Item 10. Additional Information.
(a) Item 10(f) is hereby amended by amending and restating in its entirety the
first sentence of the third paragraph under "THE TENDER OFFER -- Section 1.
Terms of the Offer; Expiration Date" in the Offer to Purchase as follows:
Subject to the applicable regulations of the Commission,
Purchaser also expressly reserves the right, in its sole discretion
(subject to the terms and conditions of the Merger Agreement), at any
time and from time to time, (i) to delay acceptance for payment of, or,
regardless of whether such Shares were theretofore accepted for
payment, payment for, any Shares, pending receipt of any regulatory
approval specified in "THE TENDER OFFER -- Section 13. Certain Legal
Matters and Regulatory Approvals", (ii) to terminate the Offer and not
accept for payment any Shares upon the occurrence of any of the
conditions specified in "THE TENDER OFFER -- Section 12. Certain
Conditions of the Offer" prior to the Expiration Date and (iii) to
waive any condition, except for the Minimum Condition, or otherwise
amend the Offer in any respect, by giving oral or written notice of
such delay, termination, waiver or amendment to the Depositary and by
making a public announcement thereof.
(b) Item 10(f) is hereby amended by amending and restating in its entirety the
first paragraph under "THE TENDER OFFER -- Section 2. Acceptance for Payment and
Payment for Shares" in the Offer to Purchase as follows:
2. Acceptance for Payment and Payment for Shares. Upon the
terms and subject to the conditions of the Offer (including, if the
Offer is extended or amended, the terms and conditions of any such
extension or amendment), Purchaser will accept for payment, and will
pay for, all Shares validly tendered and not properly withdrawn prior
to the Expiration Date, promptly after the Expiration Date.

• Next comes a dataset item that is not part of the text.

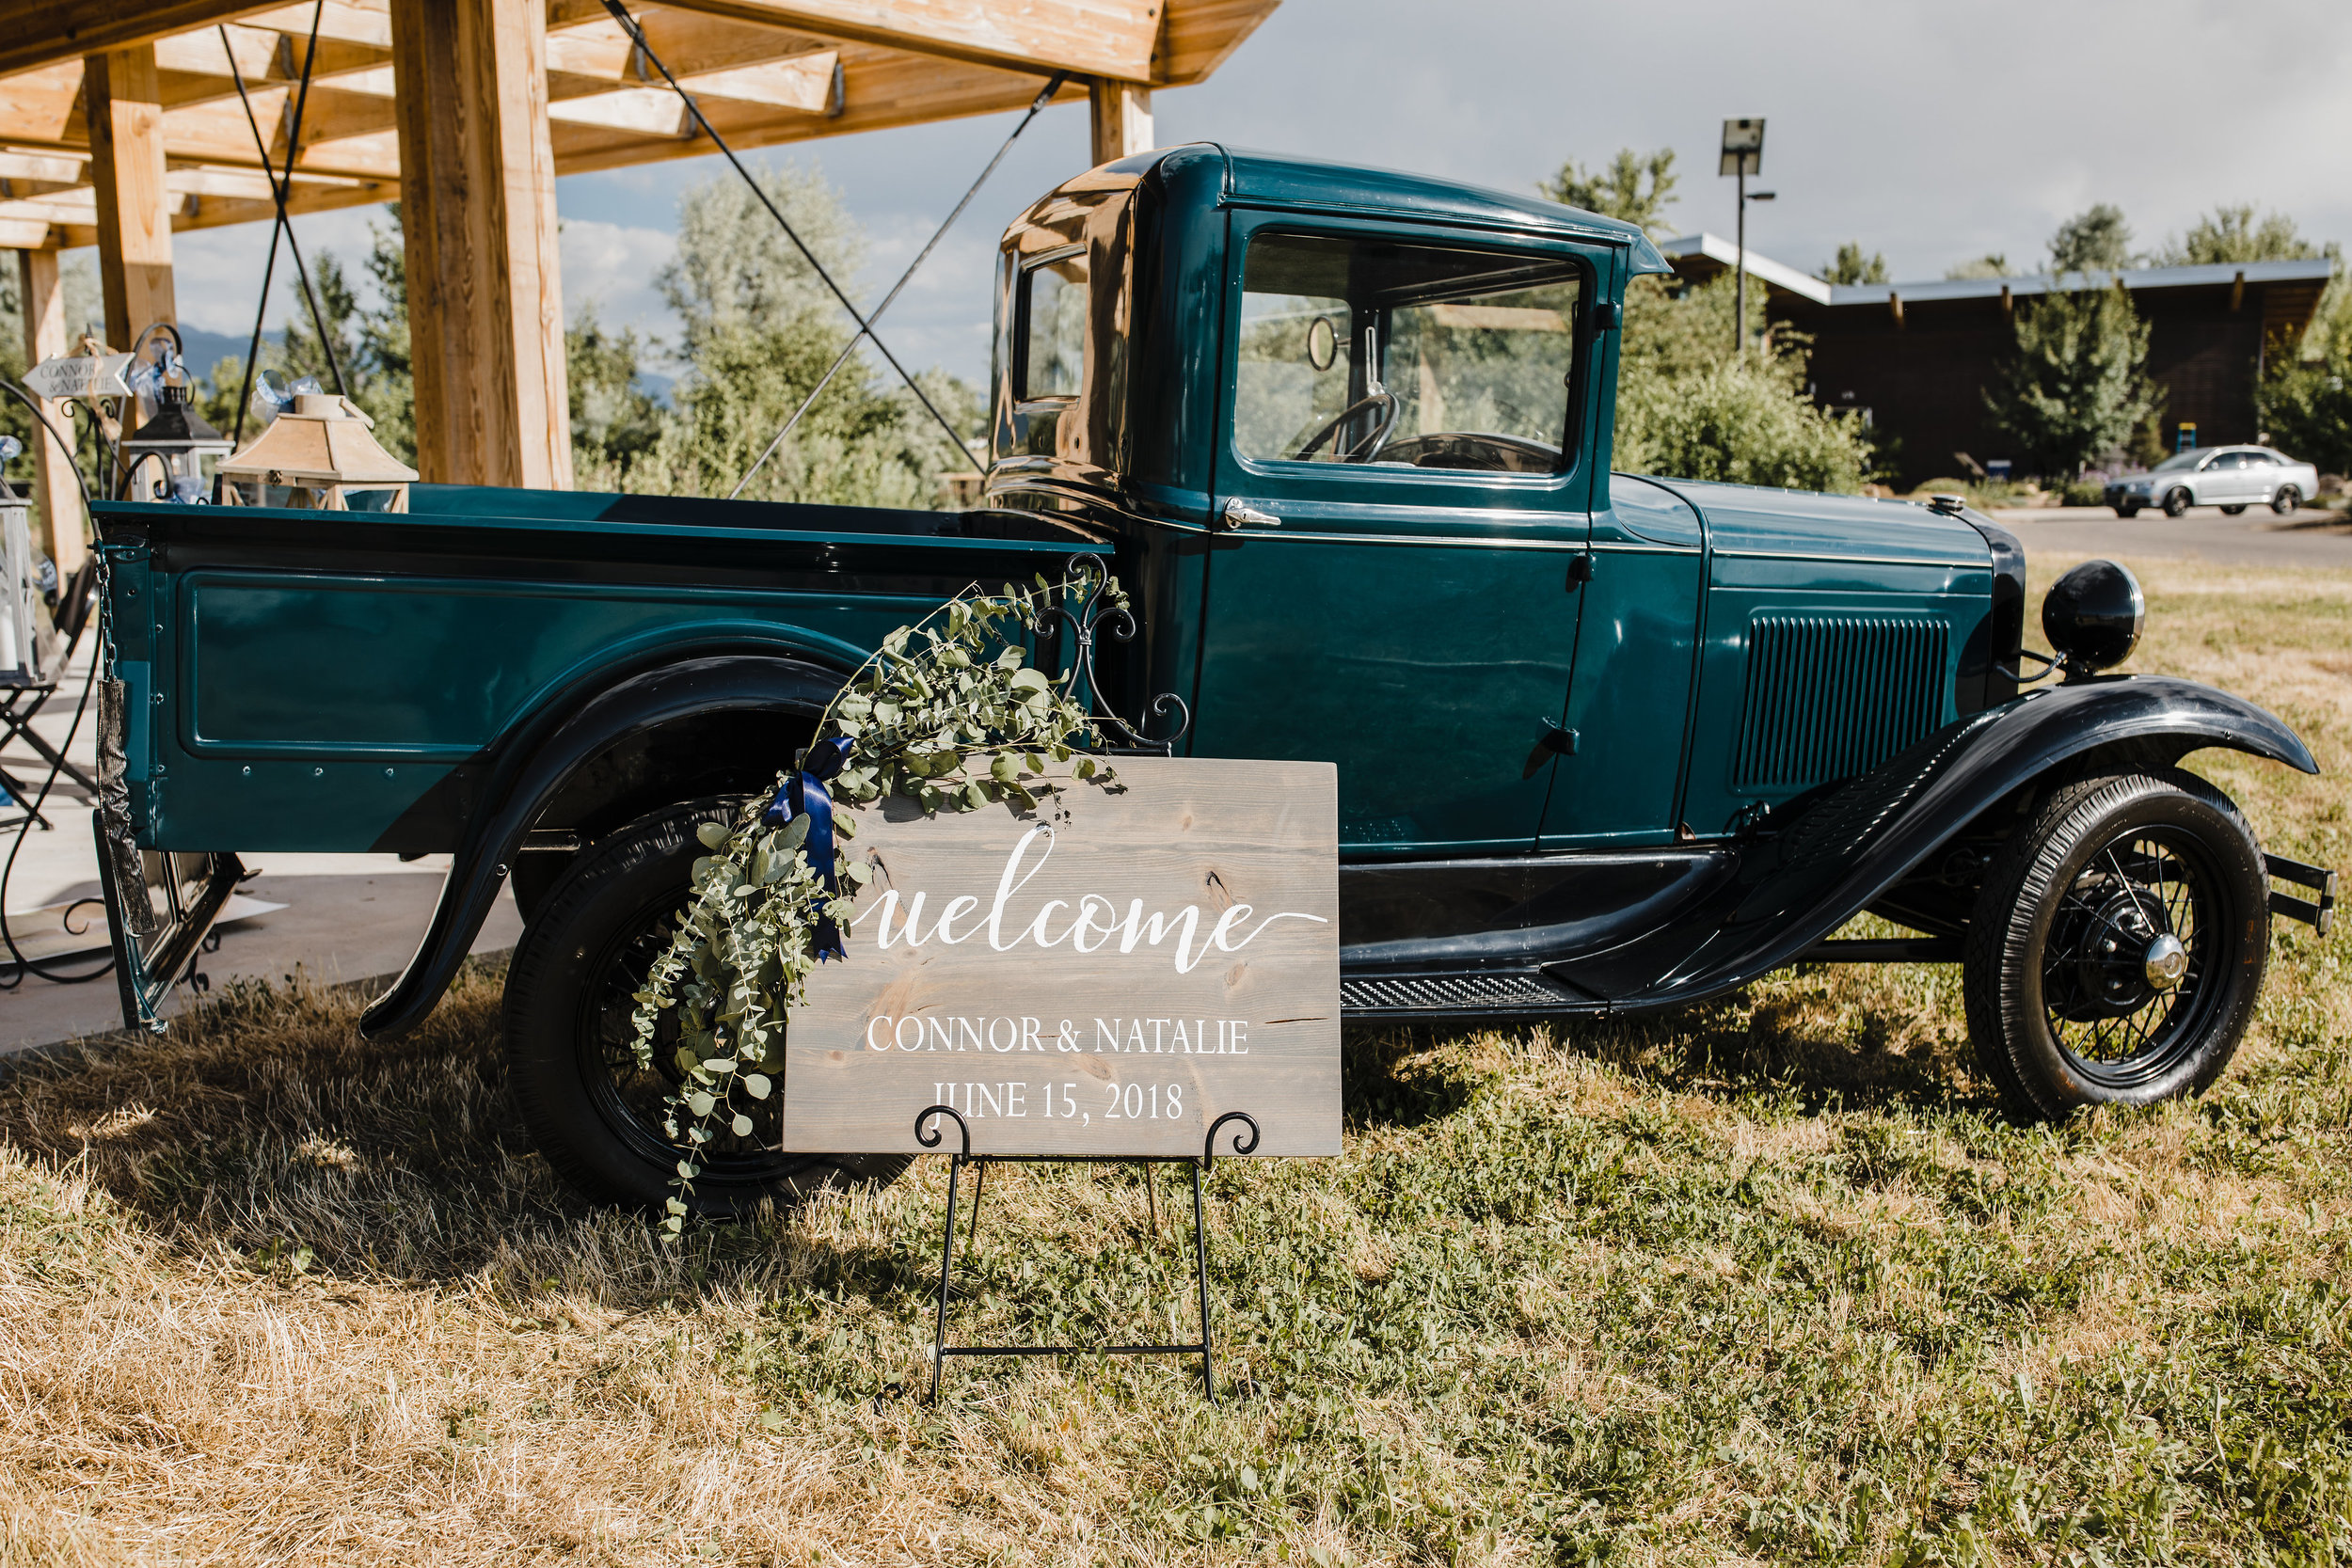 salt lake city professional wedding photographer welcome reception sign rustic vintage car

Notwithstanding the immediately preceding sentence and subject to
applicable rules of the Commission and the terms and conditions of the
Merger Agreement, Purchaser expressly reserves the right to delay
acceptance for payment of, or payment for, Shares pending receipt of
any regulatory approvals specified in "THE TENDER OFFER -- Section 13.
Certain Legal Matters and Regulatory Approvals" or in order to comply
in whole or in part with any other applicable law.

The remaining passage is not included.